Late yesterday the NC Utilities Commission effectively denied NC WARN’s November motion calling for an evidence-based hearing over Duke Energy’s hotly contested 15-year plan to limit renewable power, constantly raise power bills and greatly expand its use of climate-wrecking fracked gas.
Since February, Attorney General Josh Stein, scores of local and state officials, climate experts and nearly 2,000 members of the public have joined the call for the hearing and/or flat-out rejection of Duke Energy’s 15-year plan.
NC WARN is deeply disappointed that the commission chose to proceed without allowing open scrutiny of Duke Energy’s plans for this state.
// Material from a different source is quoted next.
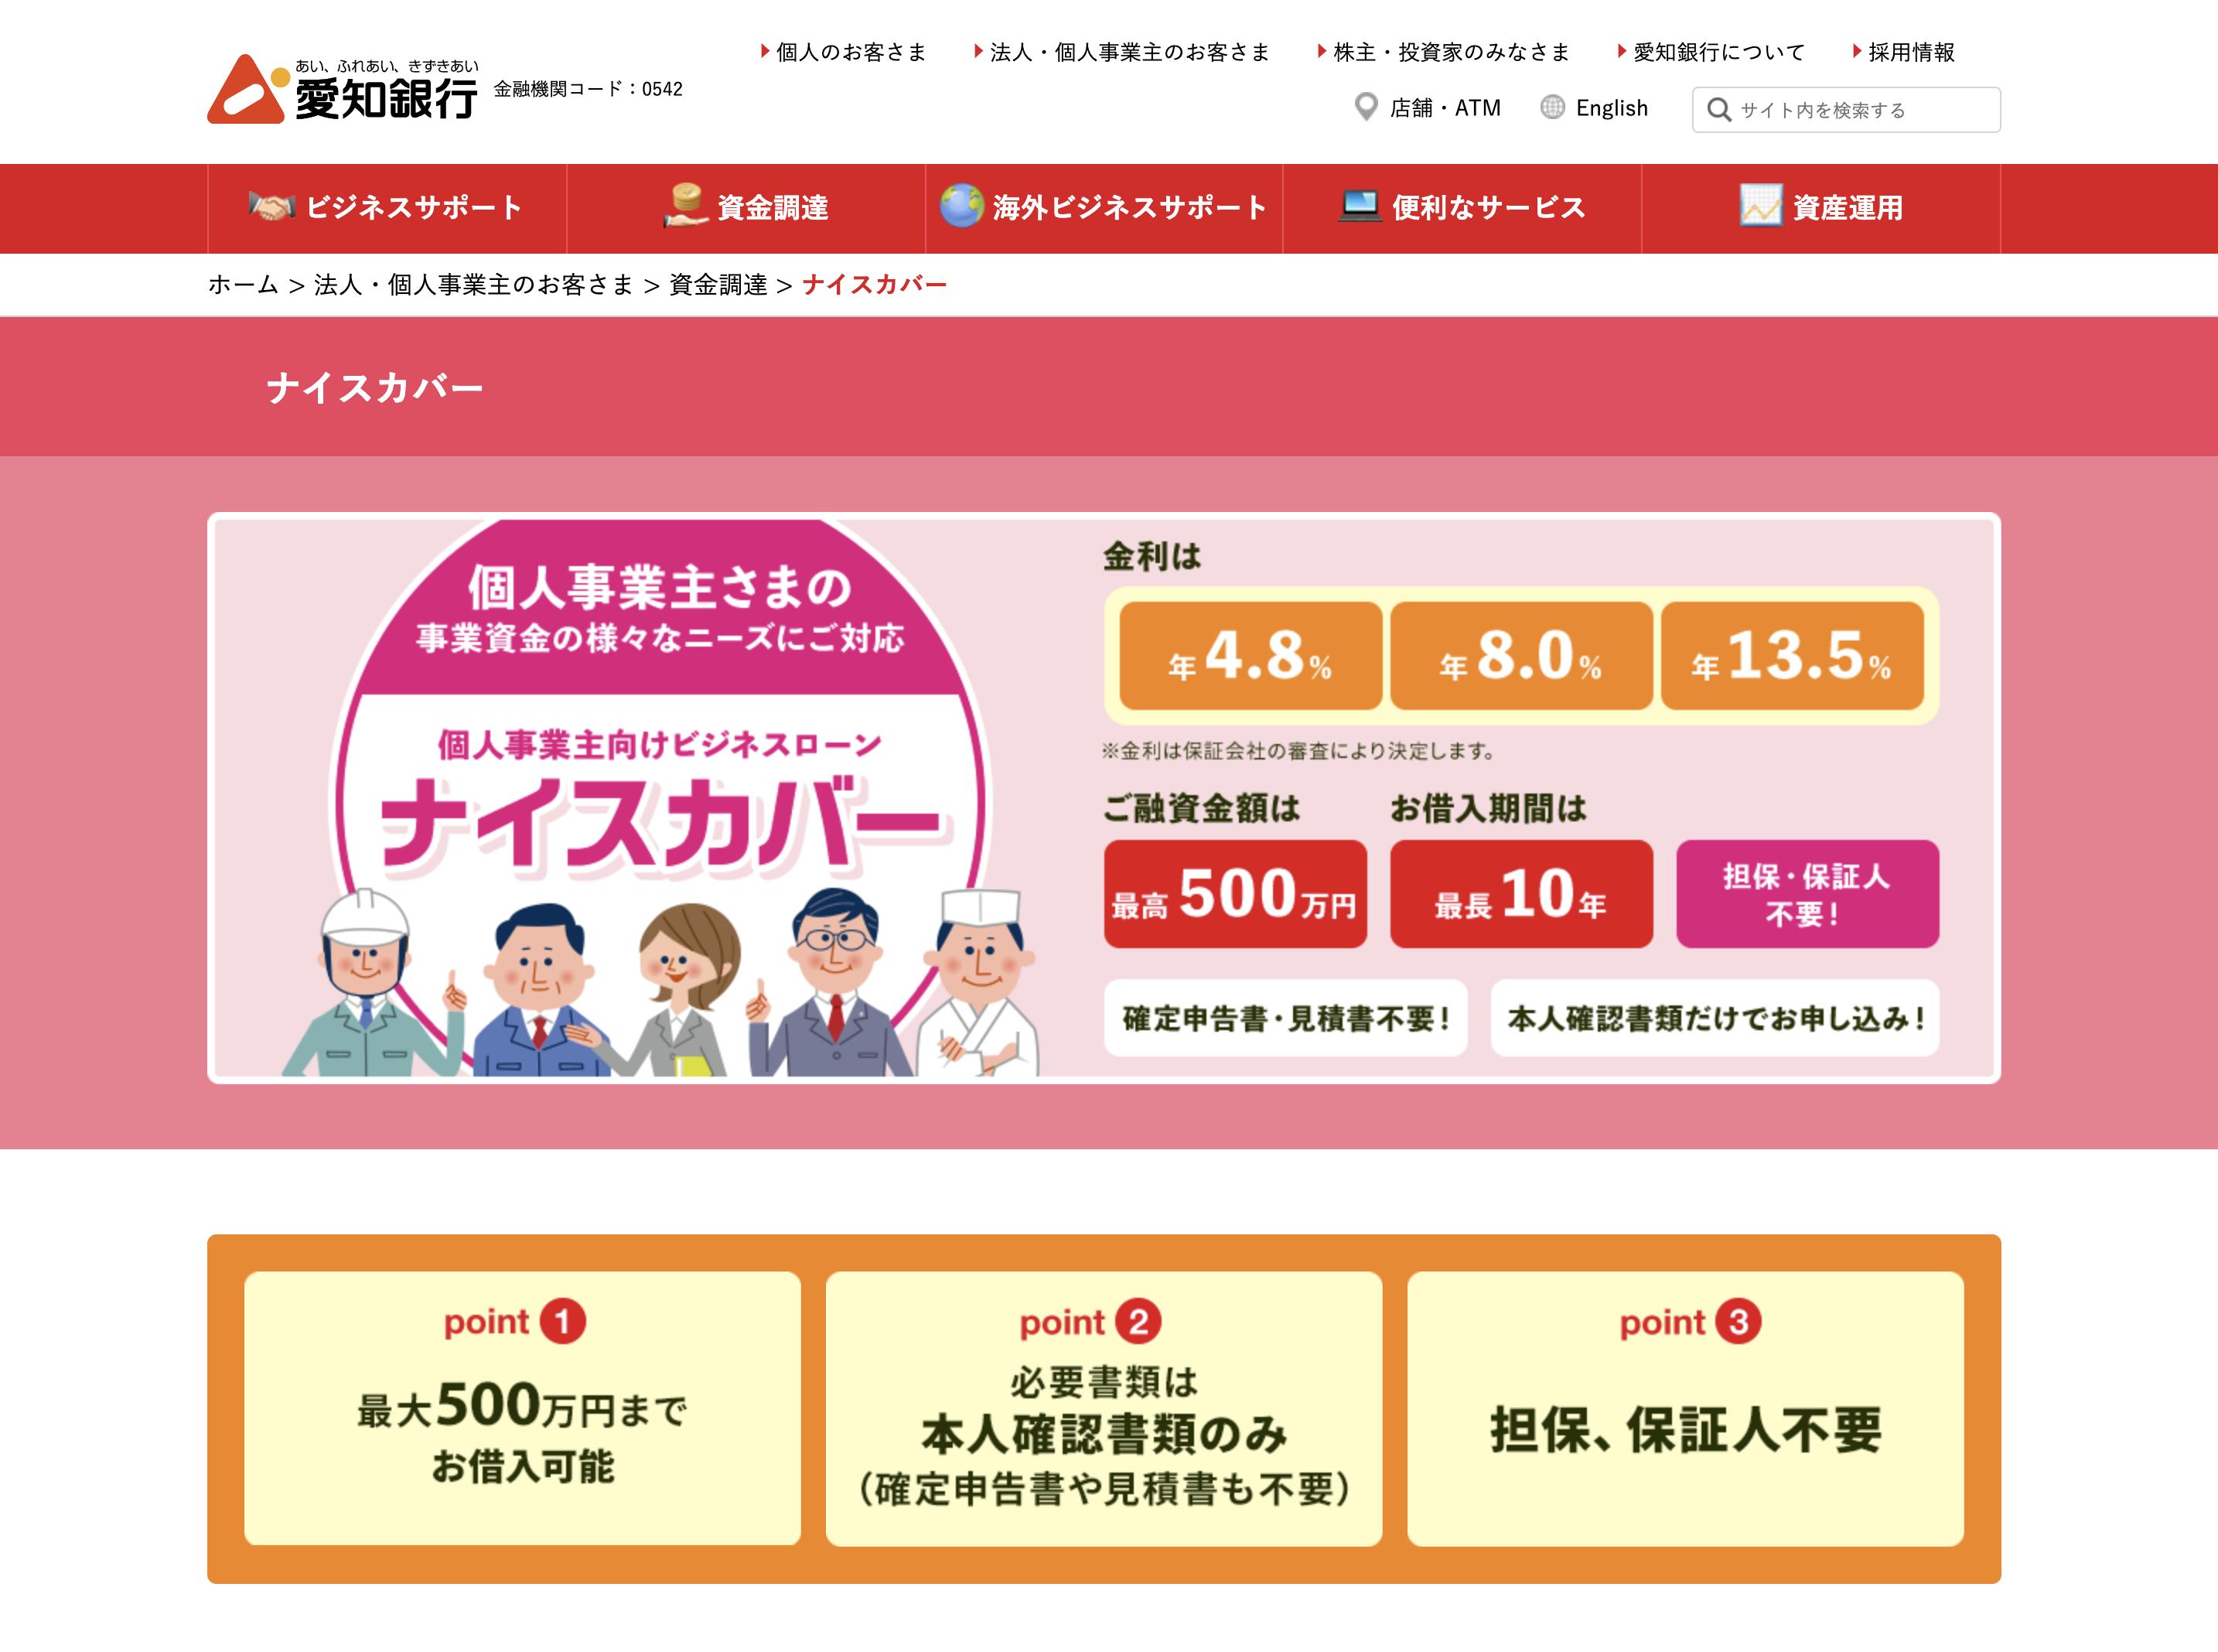 愛知銀行個人事業主向けビジネスローン「ナイスカバー」

Instead, they called on Duke and other parties to draft proposed orders in the case.
Duke lawyers again fought against the motion for such a hearing, where its officials would be questioned by lawyers from NC WARN and other parties. Duke continues to block having to debate the engineer/author of NC WARN’s Clean Path 2025 strategy, which shows how shifting the electric system to distributed solar paired with energy storage is now cheaper and more reliable than building more “natural” gas infrastructure.
That transition is urgently needed to help avert runaway climate chaos.
Duke’s 15-year plan shows only 8% renewables by 2033 (as many other US utilities are already above 30%), with only 230 megawatts (MW) of storage and 9,000 MW of new generation from fracked gas.
The commission must still rule on the IRP itself, so we can hope they won’t just go along with the corporation the way past commissions have done. But the failure to conduct an evidentiary hearing is a bad sign.
The line-up is changing at the NC Utilities Commission. We need a commission that will begin holding Duke Energy accountable for its practices that constantly raise power bills while harming communities and driving humanity toward climate chaos.